Where Human Factors Can Eclipse Technology: Complexity, Privacy and Human Error

For all the escalating and intensifying digital challenges that cybersecurity professionals must constantly mitigate and navigate, perhaps the biggest security vulnerability of all is decidedly analog: Our own human fallibility.

“People get tired,” says Digital Big Bang author Phil Quade. “They make mistakes. They are poorly trained. People will continue to undermine the security of our systems, so we must actively and intelligently use machines to compensate for human limitations.”

It is a delicate balance between needs that often seem at odds with each other, and the negative and positive consequences of digital innovations.

“A defining attribute of our species is our unresolvable contradictions,” Quade notes. “We are intensely social, drawing together to form highly interconnected societies and systems. We also can be shockingly antagonistic and prone to conflict. Our finest minds have worked tirelessly for the benefits of humanity, but some of their work has been harnessed for greed and exploitation. This is certainly true of the digital universe.”

The key to resolving these conflicts is to avoid dichotomies and false choices, such as between security and privacy. “Until we embrace the fact that it’s not security or privacy but both, sustainable higher order cybersecurity will not thrive,” Quade says.

Balancing these conflicts efficiently often starts with shifting the perspective.

“Many organizations have focused on finding purely technical solutions,” says Michael Daniel of Cyber Threat Alliance. “They hope for a single technological tool that would solve the challenge and make the problem go away. But one tool is simply not going to do the job. It requires integrating approaches from a number of different disciplines in order to get at the problem, and moving out of the mindset that because this problem is being generated by the IT environment, the solution has to therefore come from IT. In other words, as a CIO or a CISO, you’re no longer just managing IT and security; you’re managing complexity.”

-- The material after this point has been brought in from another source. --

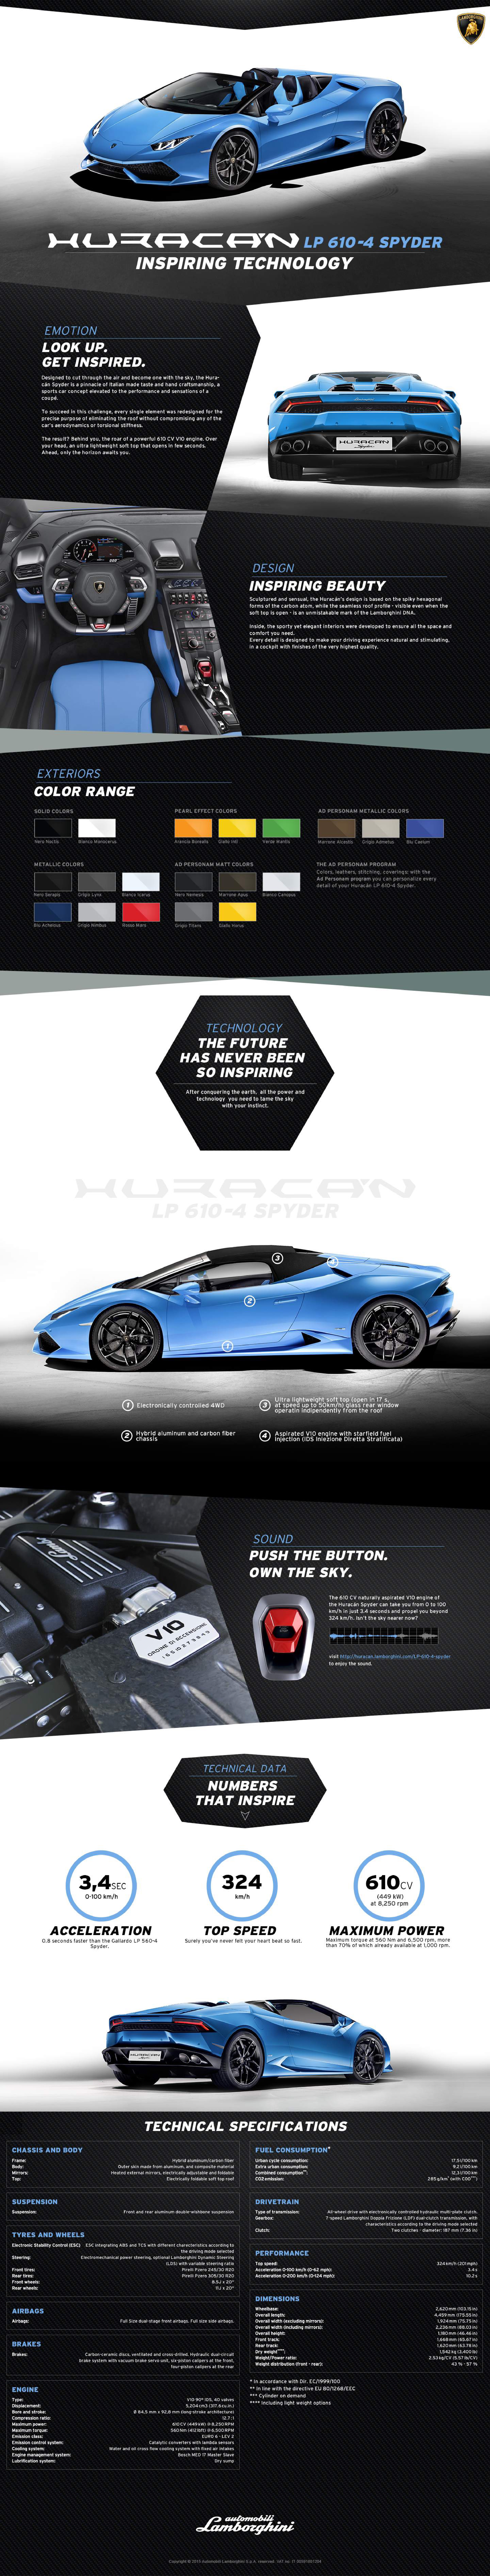 2016 Lamborghini Huracan LP 610-4 Spyder Brochure Page 1

Managing this complexity takes on even greater significance when privacy issues arise, though. And when organizations fail to strike the proper balance, they risk creating a level of complexity that creates far more challenges—including shadow IT created by users finding workarounds to features they find invasive.

At the same time, intensifying regulations such as GDPR have implemented costly penalties for privacy violations.

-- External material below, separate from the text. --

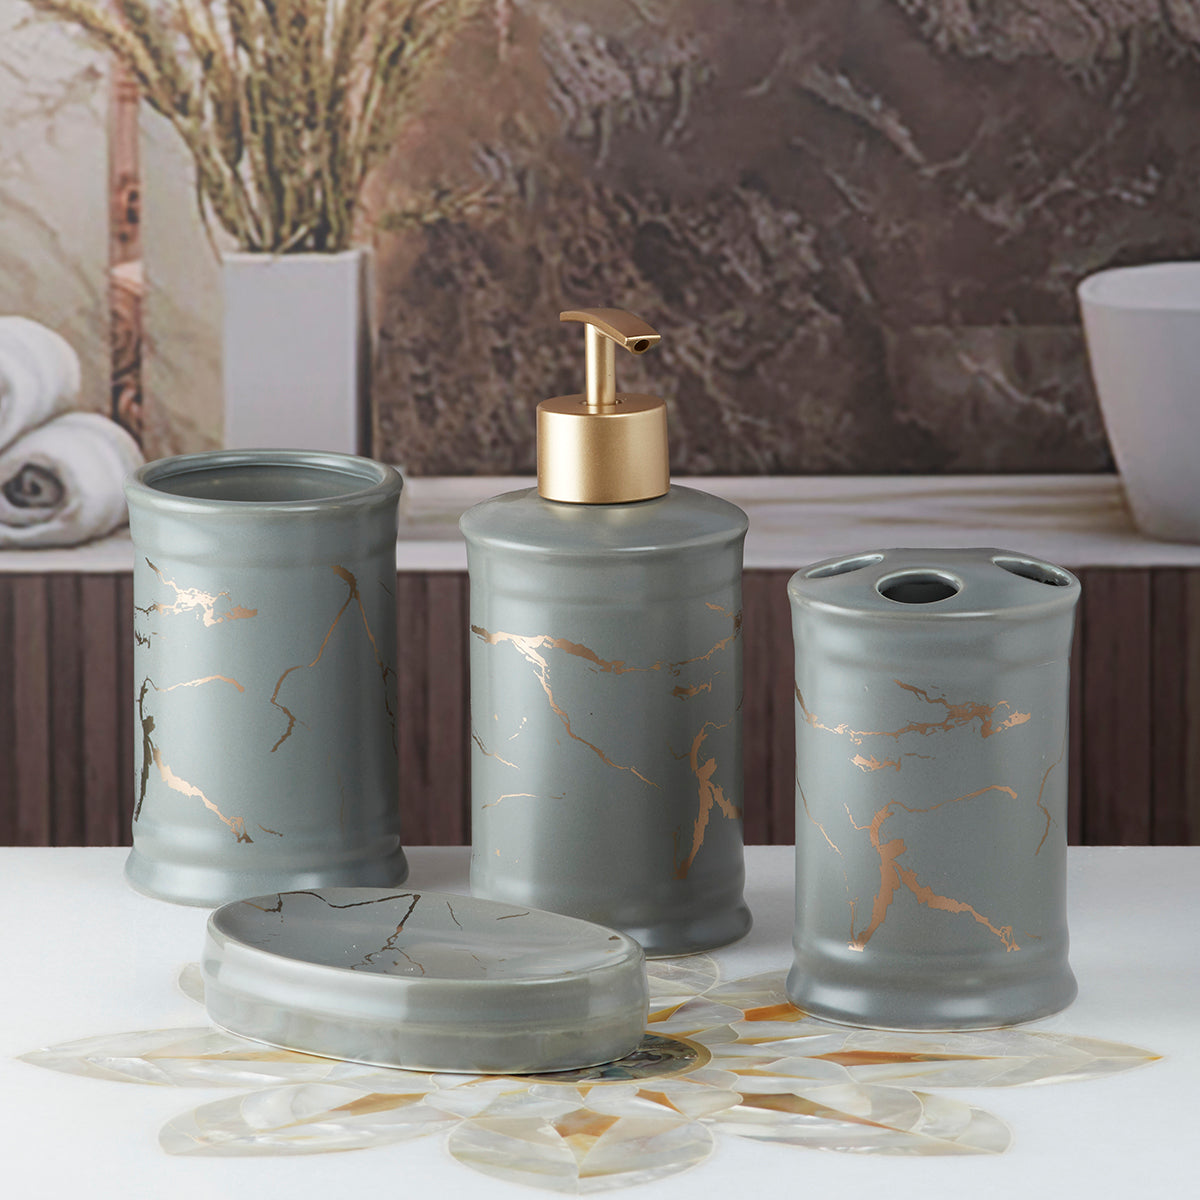 Ceramic Bathroom Accessories Set of 4 Bath Set with Soap Dispenser (8226)

“In the GDPR era, organizations must know what information they gather and why,” advises Kevin Miller of MGM Resorts International. “Information that was previously considered so benign as to be included on a business card is now covered data—a name, postal address, email, telephone number, and a photograph on an employee badge. To many modern digital businesses, data is considered the company’s most valuable asset. But now, data may also be considered a liability and even a risk. If you collect it, you must protect it.”

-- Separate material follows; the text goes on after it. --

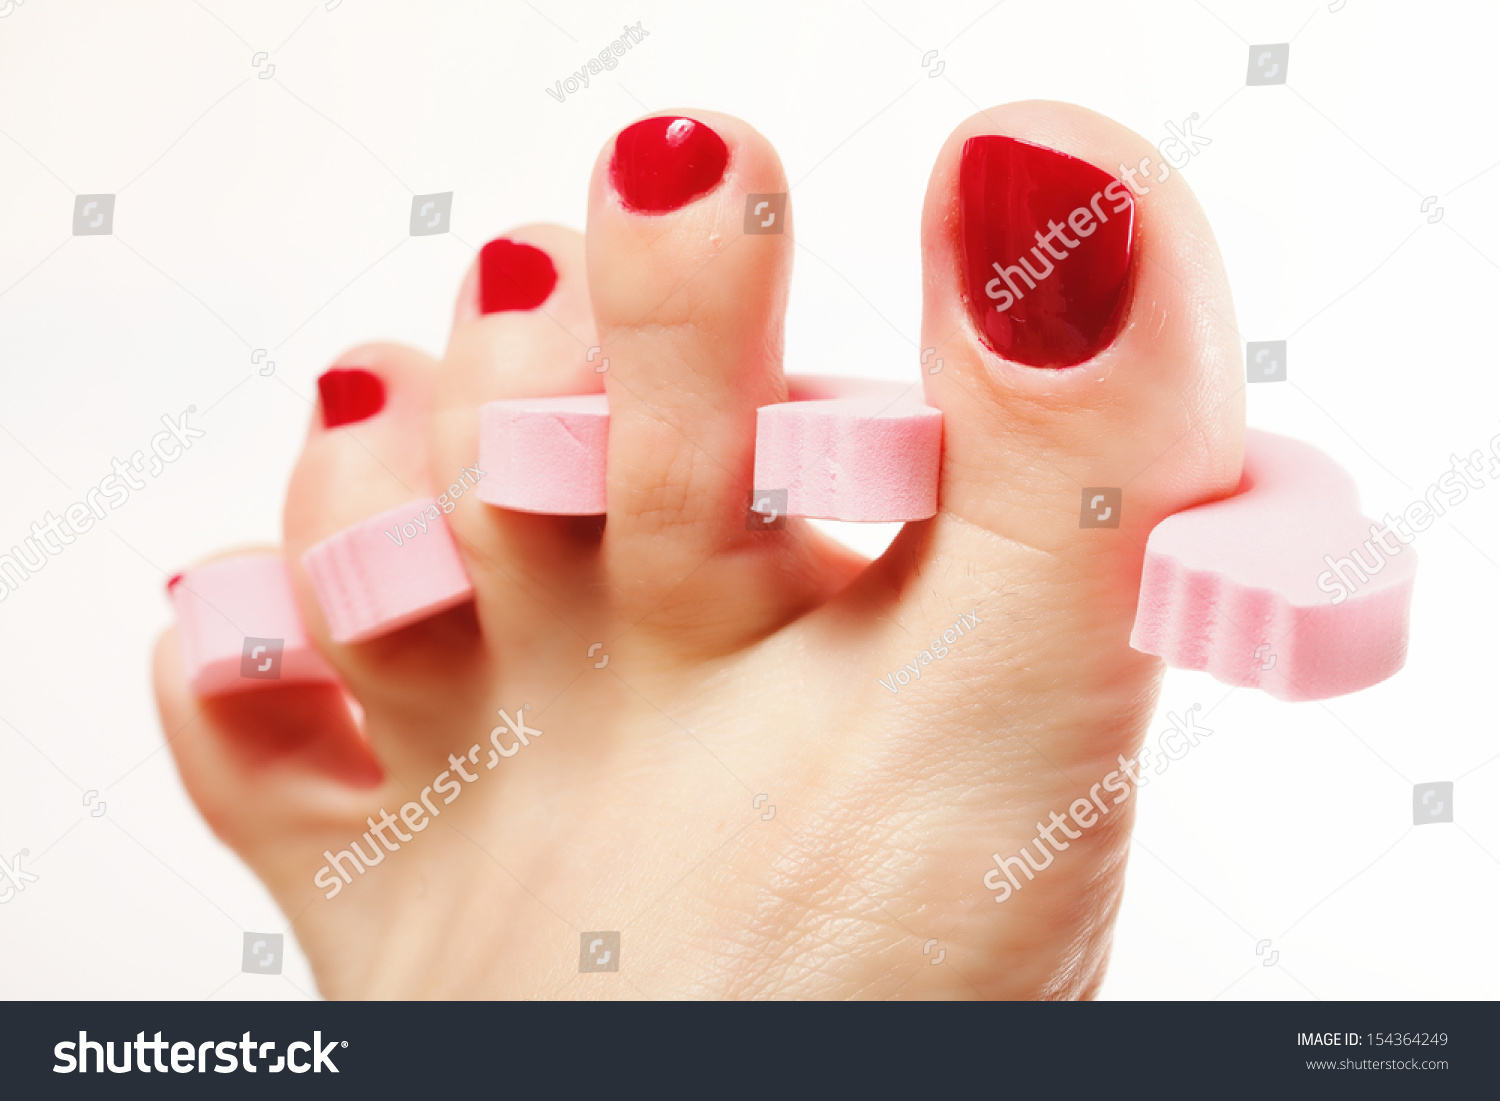 Foot Pedicure Applying Woman'S Feet With Red Toenails In Toe Separators ...

That scenario of internal workarounds and external regulations creates high stakes for many organizations. The solution may be addressing the human error directly.

“You can always apply technology solutions to a problem, but it only takes the least capable person in the room to ruin them for you, so you must also take a human approach,” says Kevin Kealy, formerly of Ingram Micro. “In my experience, education is one of the most cost-effective ways to secure your organization. I believe that people will generally do the right thing if appropriately educated. But even then, you still have to deal with human frailty.”

The solution? “Design for the human,” says Theresa Payton of Fortalice. “Use behavioral analytics and existing data to provide better security while making access to the resources they need to do their job as easy and seamless as possible.”